The rosy maple moth can be found in temperate deciduous forests and nearby suburban areas and urban landscapes. Their common name derives from the fact that they can primarily be found on maple trees, including red maples (Acer rubrum), sugar maples (Acer saccharum), silver maples (Acer saccharinum), and box elder maples (Acer negundo). They can also be found on oak trees, particularly turkey oaks (Quercus laevis), especially when they are found dispersed among maple trees.

== Home range and territoriality ==
Larvae hatch and live on the same tree through their development, then pupate in the soil beneath the same tree. The larvae primarily eat the underside of leaves, therefore preferentially staying in that location of their home tree. The adults do not eat, so they can have a sizeable home range.

== Behavior ==

=== Feeding ===

The rosy maple moths preferentially lay their eggs on maple trees, and sometimes nearby oak trees. Since the larvae remain on the same tree upon which they hatched, most larvae feed on the underside of maple leaves or oak leaves.
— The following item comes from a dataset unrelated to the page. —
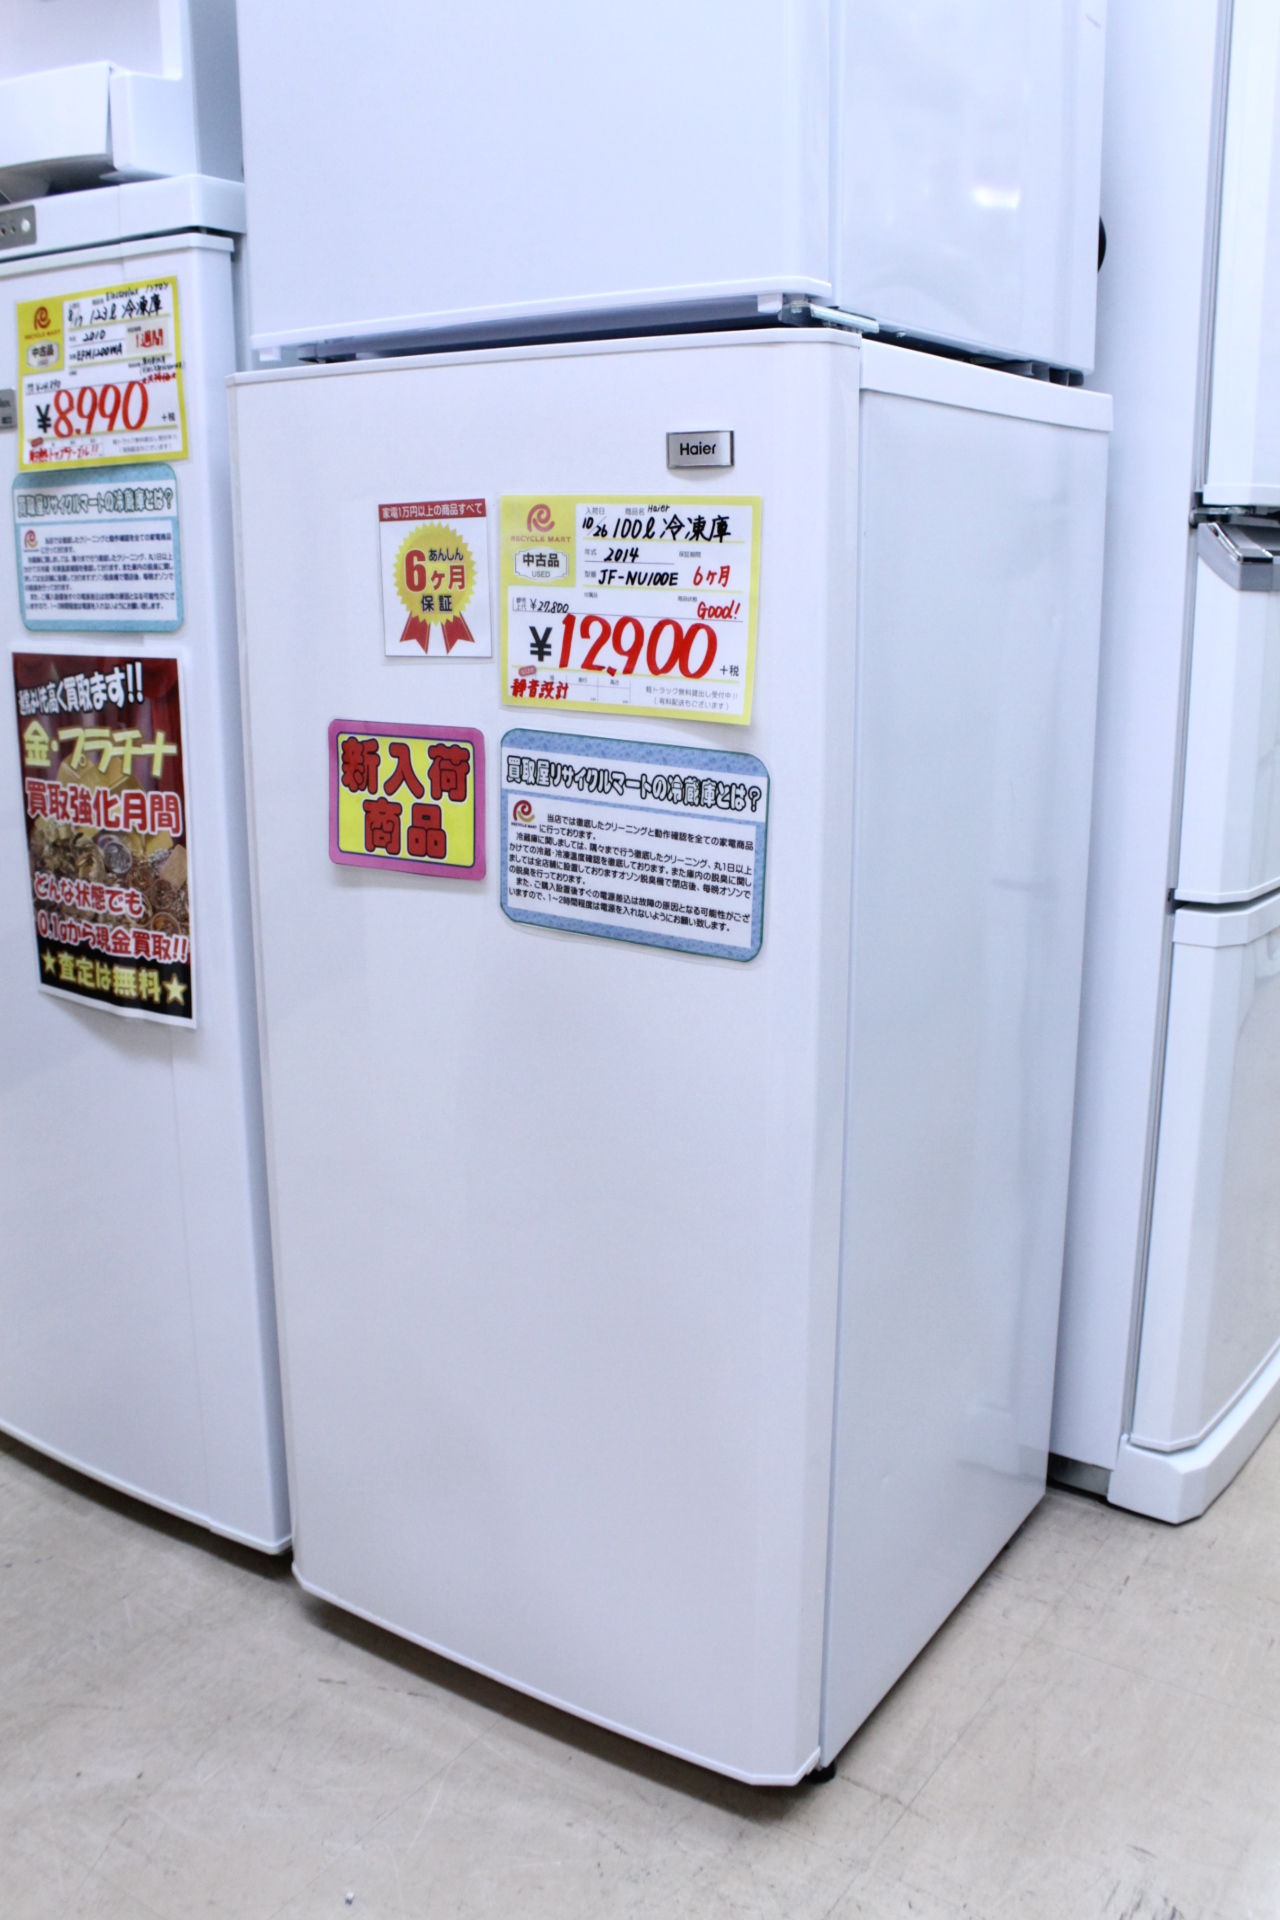 【Haier ハイアール 100L 冷凍庫 2014年製 JF-NU100E 静音設計 】を買取させて頂きました！ - リサイクルマートは現在冷蔵庫の買取、家具の買取強化中です！お気軽にお問い合わせください。

In early instars, the larvae feed together in groups, but beginning in the third or fourth instar the caterpillars begin to feed individually. The larvae eat the entire leaf blade and are capable of consuming a few leaves each. Thus, large populations of greenstriped mapleworms are capable of defoliating trees. This damage is mostly harmless and the leaves will grow back. As with all Saturniidae, adult rosy maple moths do not feed.

=== Parental care ===

==== Oviposition ====
Female rosy maple moths lay their eggs one day after fertilization. During those 24 hours, the eggs are protected inside the body of the female. Besides this, rosy maple moths exhibit little parental care, as the female leaves after depositing her eggs. Females typically lay around 150 to 200 eggs in groups of 10 to 40 on the underside of leaves of maple trees and occasionally oak trees. Females typically only reproduce once, but in southern regions they can lay eggs up to three times. Egg laying typically occurs in the warmer months, with a peak in July, although precise timing depends on the region. In northern regions, one brood is laid between May and August. Further south, two broods are laid between April and September. In Florida, between March and October three broods are laid.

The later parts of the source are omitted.